Cloud pricing: The hidden costs

Cloud pricing: The hidden costs

Cloud pricing: The hidden costs

“Wow! This PaaS service is a free offering from the cloud provider!!”, exclaimed an enthusiast in our team and proposed that we design the solution to maximize the use of the free PaaS service. Our director didn’t seem impressed… he said “Anything free comes with some caveats or the other. We should know the exact caveats or reasons why it’s being given as free before jumping to a design utilizing the offering”.With the experience of several cloud-native or migrated applications on the cloud, I can vouch for what the director said. The freebies on the cloud are given out for reasons such as the following, although they are not explicitly mentioned in the documentation–

  • To promote a particular technology over other existing popular ones which is a go-to choice for most designers and architects.
  • Startups are given free credits which would help them build solutions native to the cloud provider, in turn, they will be paid customers after the credits are consumed.
  • A new service is rolled out by the cloud provider which they want to be live-tested for numerous customer scenarios

Sometimes, service is free but the caveat is that it cannot be used as a standalone service – it needs companion services that are not free.
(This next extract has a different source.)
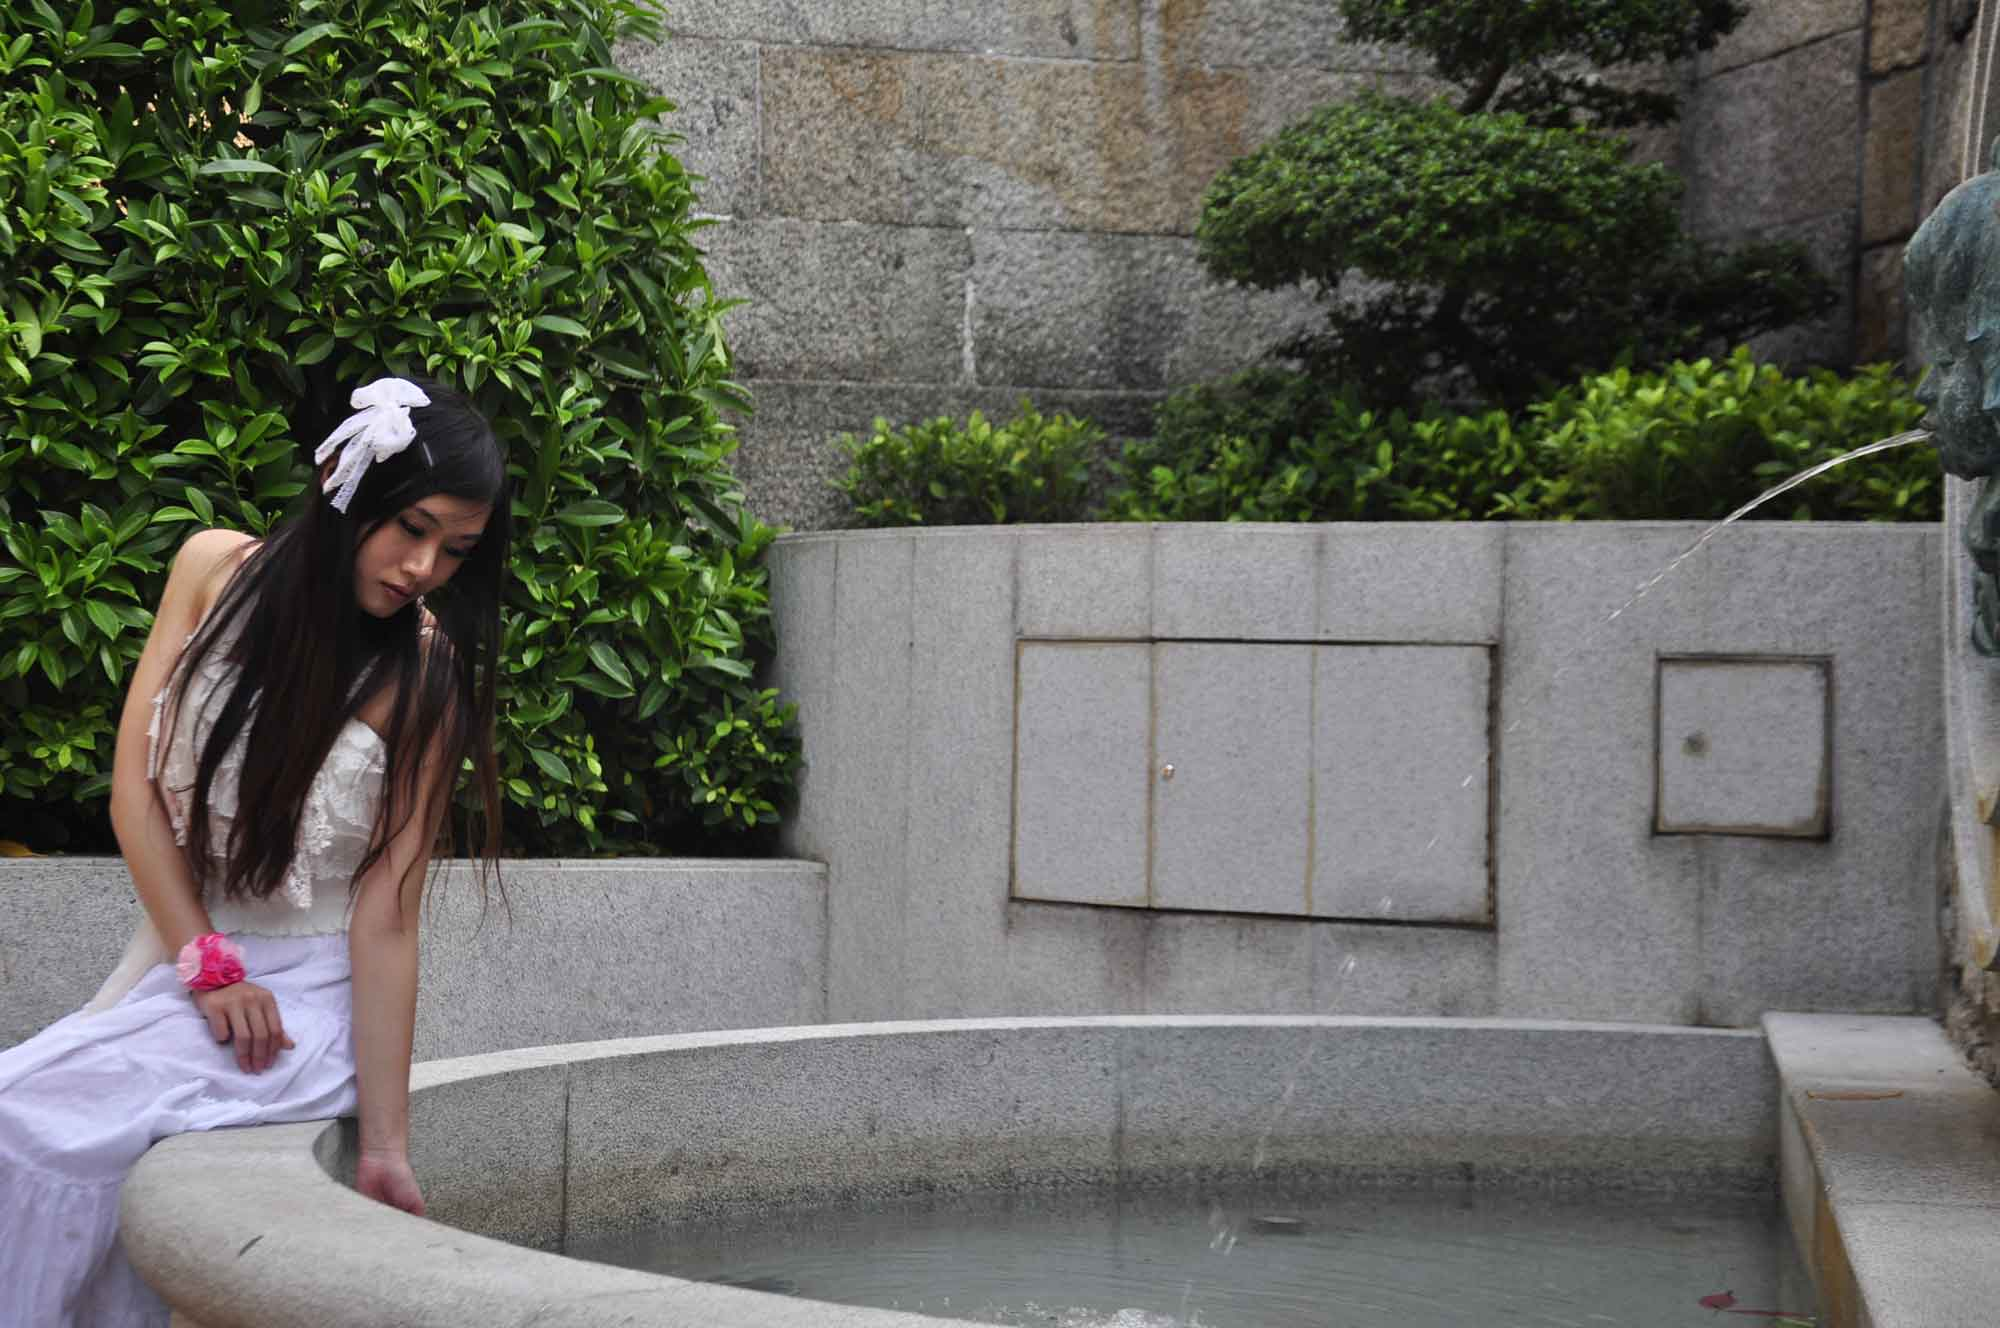 Macau world heritage site: Lilau square fountain

Take a look at these examples –

  • A web/API service is free to use but it needs a database that is not free
  • A static IP is free only until your VM which has it assigned is up and running. When the VM is shut down, you pay charges for holding the IP.
  • A CI/CD pipeline service is free but the infrastructure where it deploys is obviously not free.

Yet another caveat is that a service offering may seem to have negligible charges but…Well, the devil is in the details…

  • The storage is extremely cheap but you are charged for the ‘transactions’ on the storage, and each transaction size is fixed by the cloud provider. So if you perform a big insert or even read from the storage, it will be treated as multiple ‘transactions’ for billing purposes!
  • The compute is offered at a very low cost but the CPU is offered as bursts per time unit, in a shared mode. So for any compute-intensive task, you end up upgrading the computer to a higher offering.

All-in-all, cloud offerings have a lot of details that need to be examined before choosing the appropriate services. What is your experience with the billing aspects of cloud solutions?